As an Aspie, I’m worried about Greta

Climate-change alarmists shouldn't be using a vulnerable child to promote their cause.

Tom Clements

During my childhood, I would purposely look for reasons to be disillusioned and depressed about the world. I was introverted, pessimistic and socially awkward, so I retreated, like many young people with Asperger’s, into a world of obsessions that were largely confined to my bedroom. My chief fascination lay in the natural world and, by about the age of 15, I’d acquired a collection of National Geographic magazines so substantial that my bedroom shelf was eventually to collapse under their sheer weight.

Marvelling at the beauty of planet Earth in the form of glossy photographs made me despair at what I thought was the senseless destruction of our planet through a combination of humanity’s indifference, carelessness and rapacious materialism. In time, it made me increasingly misanthropic. Like 16-year-old eco-activist Greta Thunberg, I was convinced that we as a species were headed inexorably towards disaster.

Thankfully, my parents refused to indulge my obsession with the impending environmental catastrophe. Instead of allowing me to stay in my room, brooding on it, they made me go outside and get a job, to learn the value of hard graft. After that, I was much more grounded. My obsession with planetary disaster was replaced by a burning desire to learn foreign languages, to go to university, and to make something of my life. Thankfully, I carried on down that path and never looked back.

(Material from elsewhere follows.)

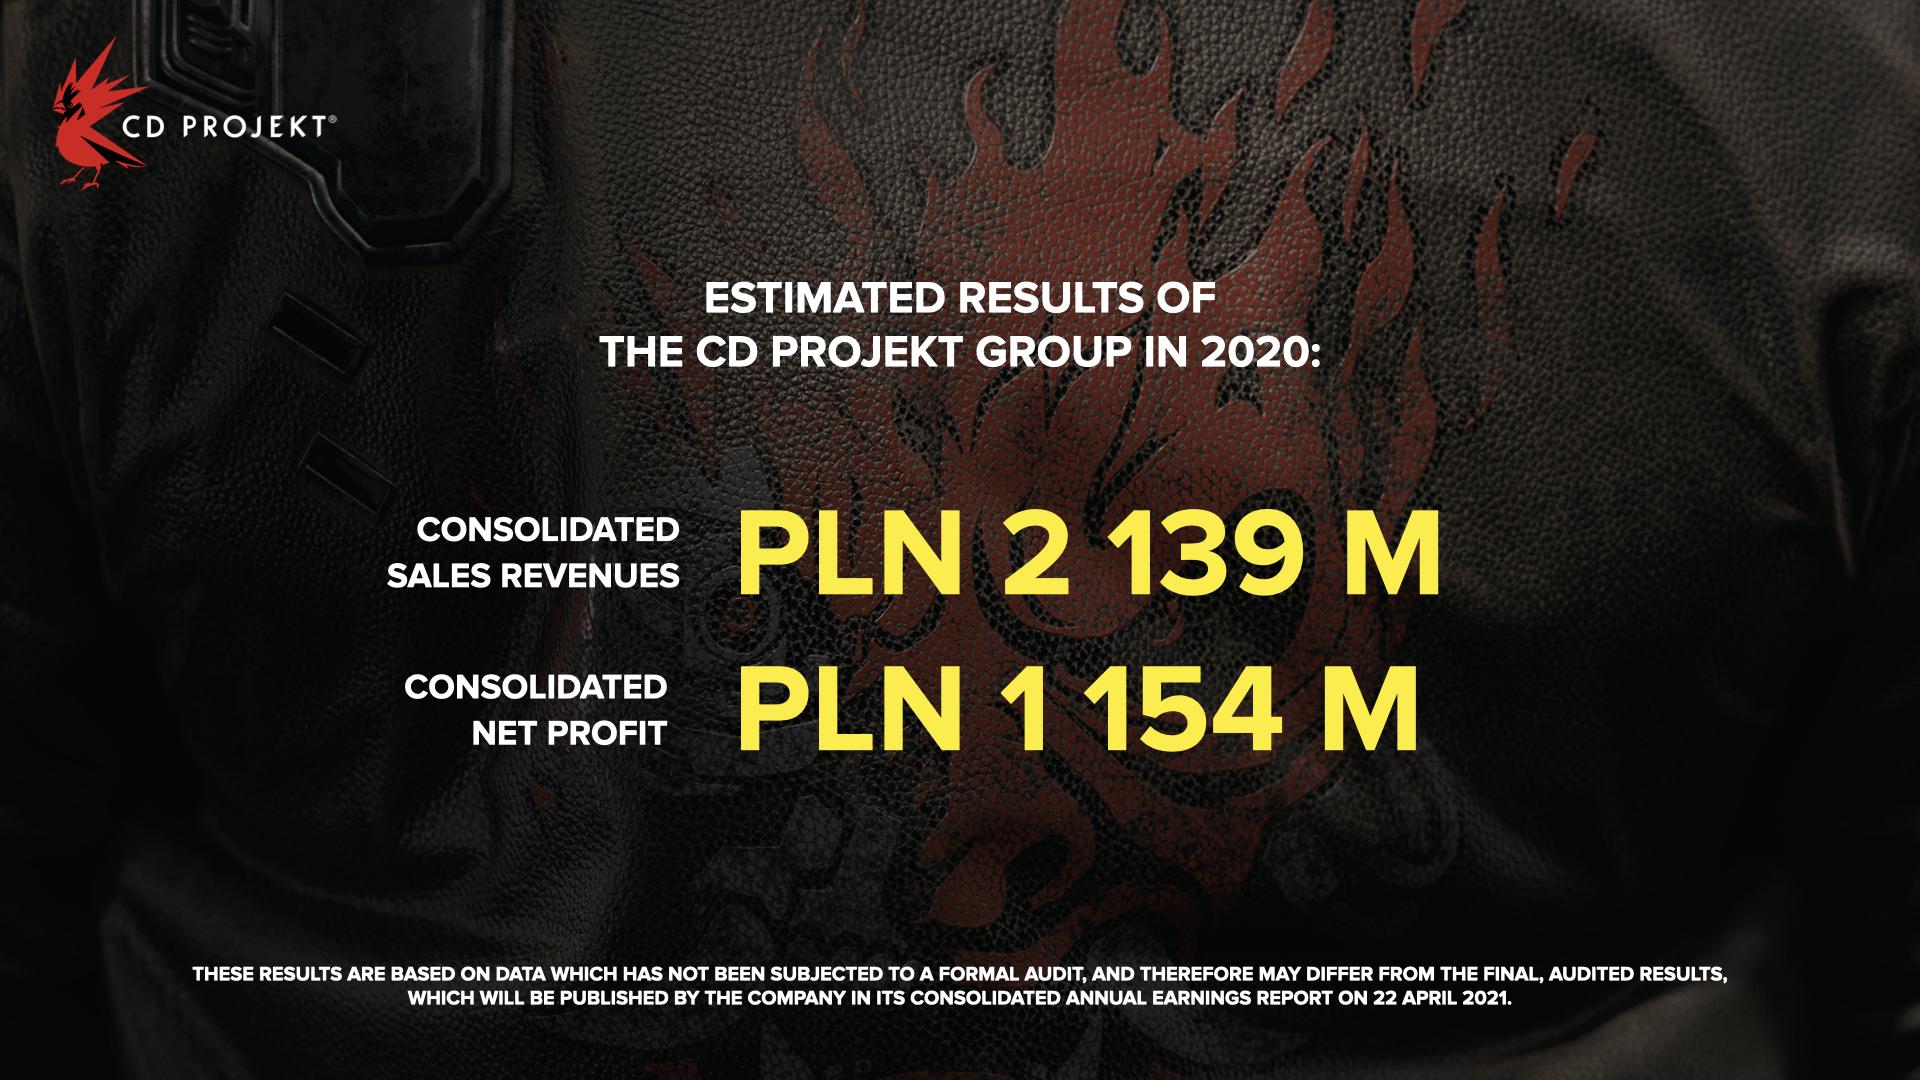 CD Projekt RED похвастались рекордной выручкой в 2020 году

Those who fear that Greta Thunberg’s autistic vulnerability may be being exploited by cynical adults are not bigots. They are rationalists. I say this as someone who, like Greta, has a high-functioning form of autism and suffers from a host of co-morbid conditions, including depression and anxiety. Autistic people like Greta and me often struggle to see the wood for the trees. We become fixated on a particular problem, often to the detriment of everything else going on around us. We also often lack balance in our day-to-day lives because of our isolation. The fact that otherwise sensible adults are barely questioning the ethics of publicly exposing and promoting a young girl on the spectrum seems unconscionable to me.

Autism can in some instances confer great gifts, such as an ability to concentrate for extended periods of time, and to pursue special interests at a highly technical level. But these often come at a cost. High-functioning Aspies (people with Asperger’s) are far more likely to commit suicide than the average non-autistic individual. And they almost invariably suffer from some form of debilitating mental illness.

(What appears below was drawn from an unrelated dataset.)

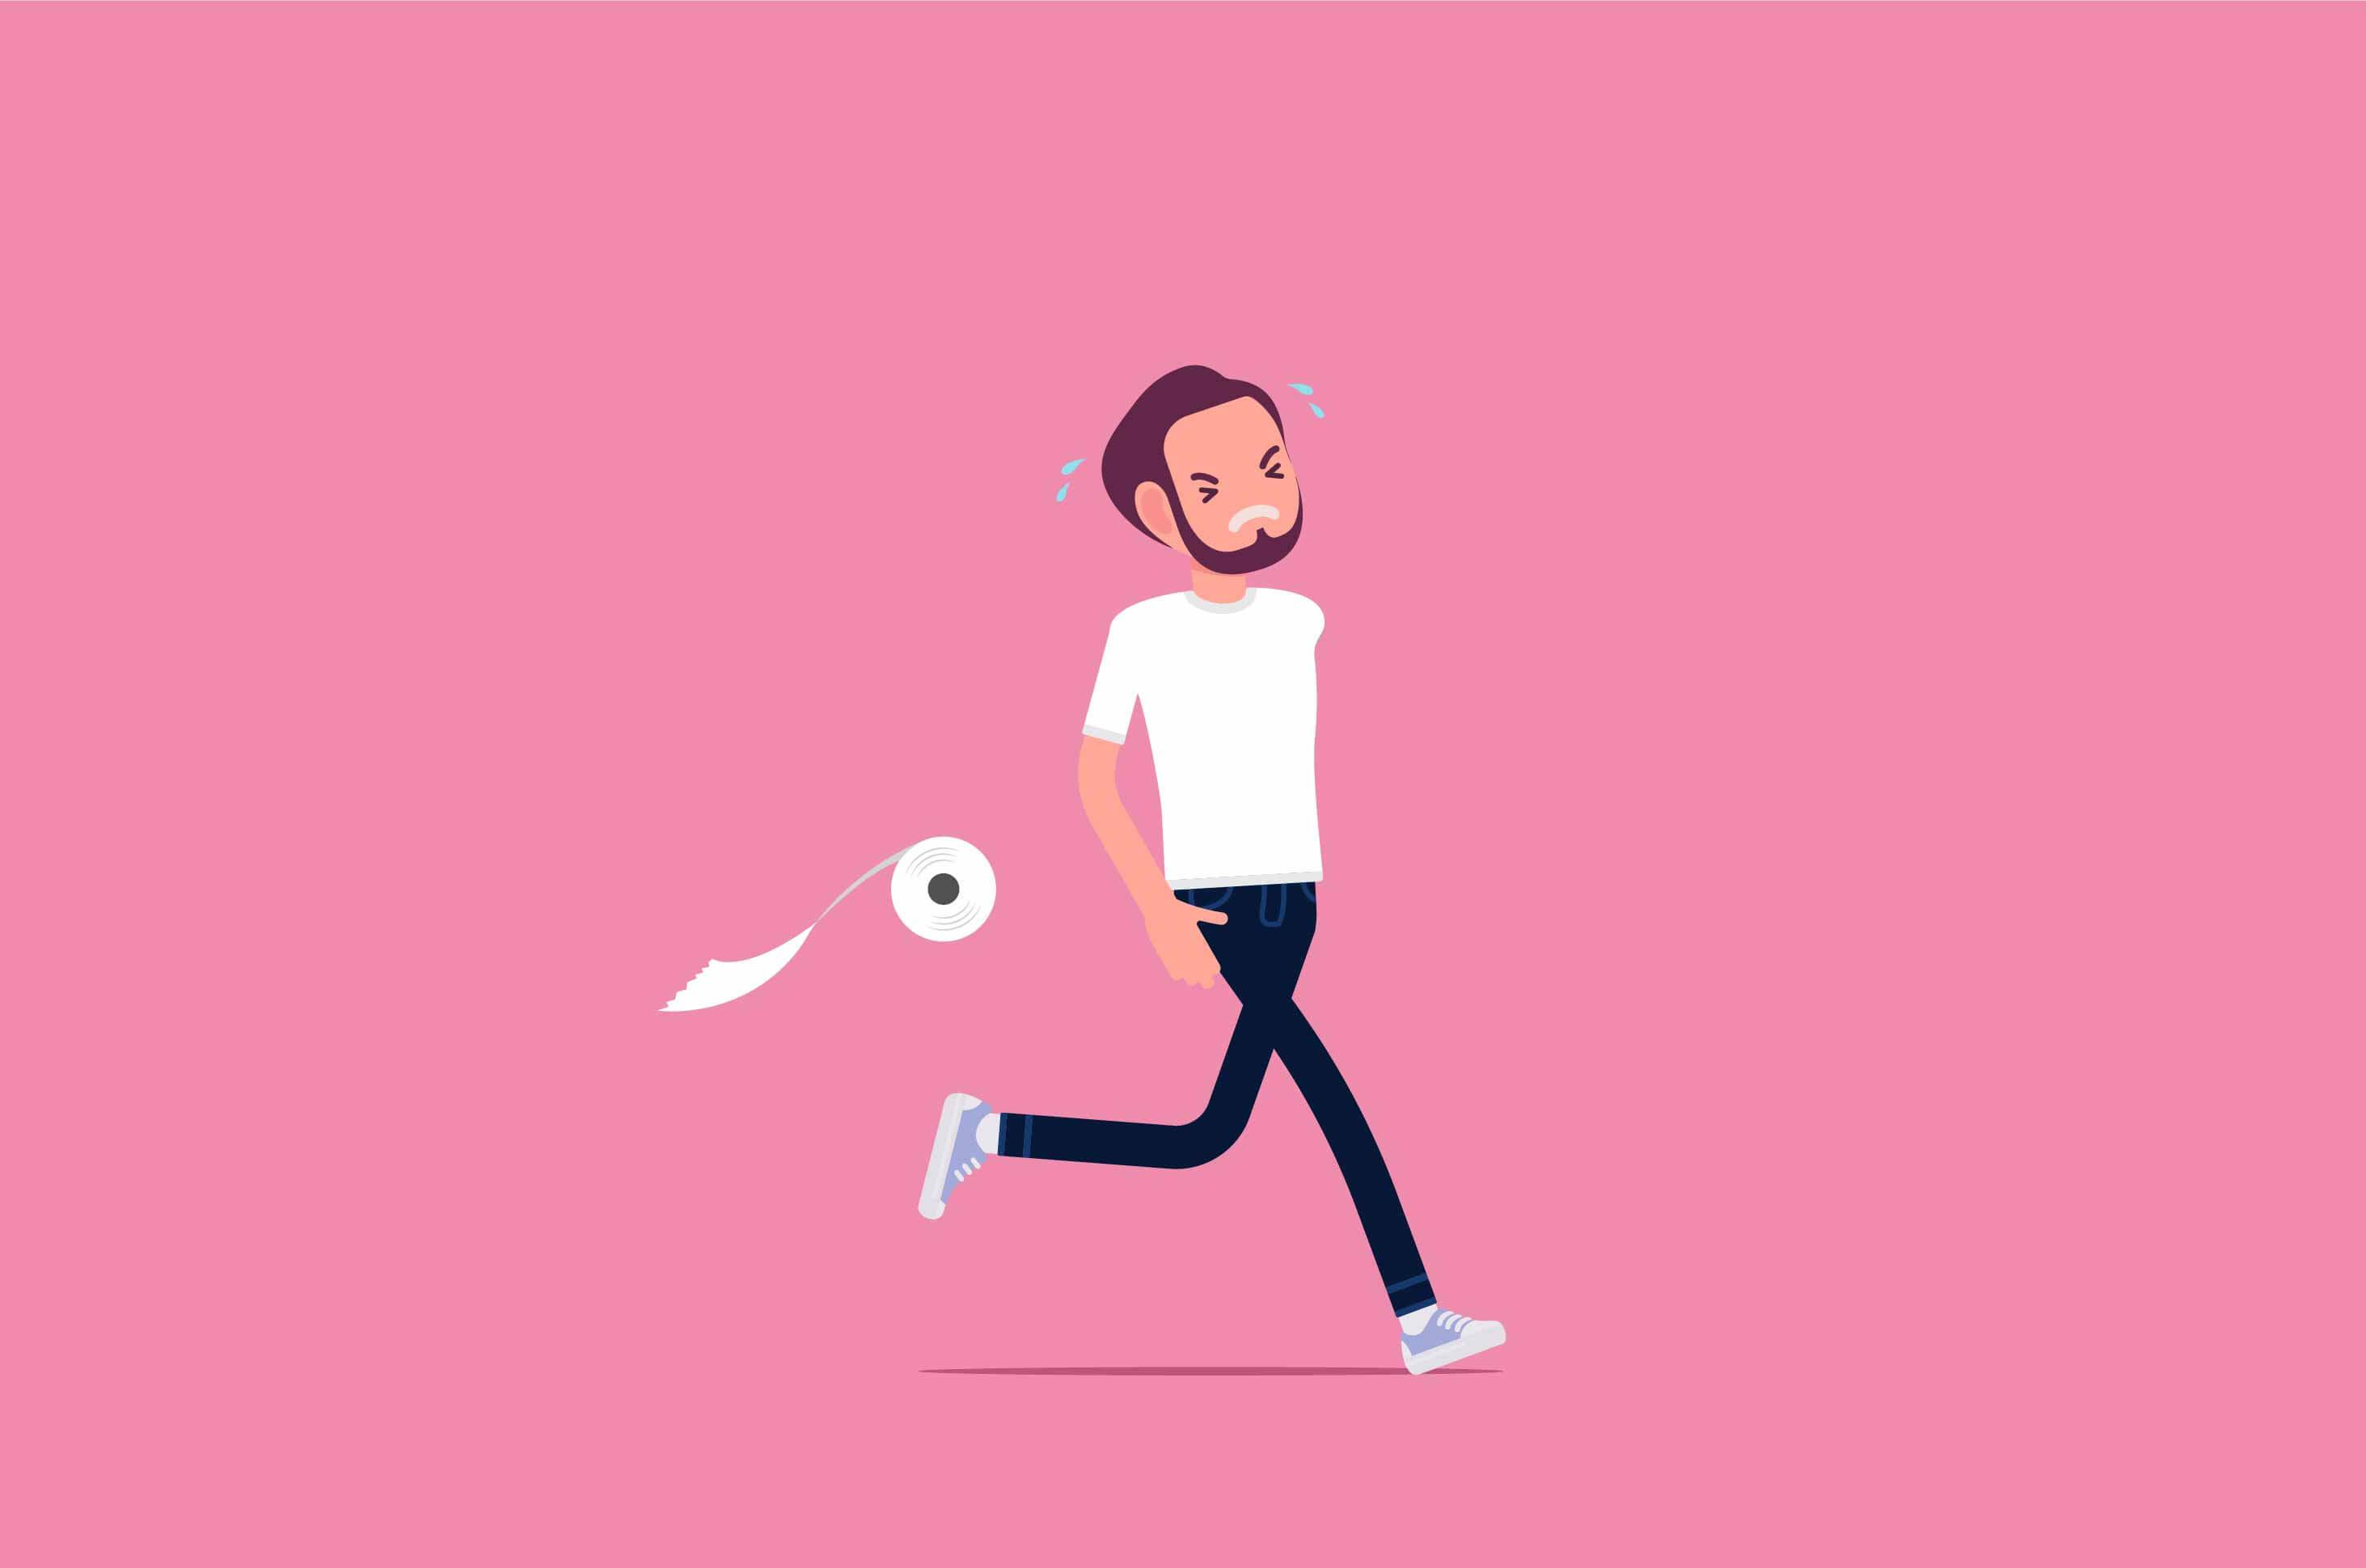 Latihan Kegel untuk Cegah Inkontinensia Alvi, Benarkah?

In my case, and I suspect Greta’s as well, the brain’s anxiety switch is turned up to full volume almost permanently. Otherwise banal social interactions are often a struggle, to the extent that even conversing with colleagues at work can become exhausting. As a result, people with autism are at great risk of becoming isolated, morbid and depressed.

Greta’s doom-mongering may stem from a childhood spent fixating on the negative. As a result, she only sees the bad. Consequently, she never mentions the fact that deforestation levels are approaching zero, or that effective renewable energies are being developed at a rapid rate. Everything she says lapses into simple good-vs-bad demagoguery. Her characteristic autistic immoderation may be useful when absorbing reams of information, but in the context of climate change, which is a sprawling and complex topic requiring objectivity and nuance, it is a huge disadvantage.

I am genuinely concerned that, once politicians, journalists and campaigners lose interest in this young girl, it may have deleterious effects on her mental wellbeing. To me and to many others she does not seem at all happy, despite her fame. Her erratic facial movements during a public speech in New York were a classic symptom of sensory overload, which can lead to an autistic shutdown. Continuous public exposure of this kind will gradually take its toll on Greta. Whichever side of the climate-change debate you’re on, we, as mature adults, have to consider the ethical implications of using a vulnerable child to promote a political cause.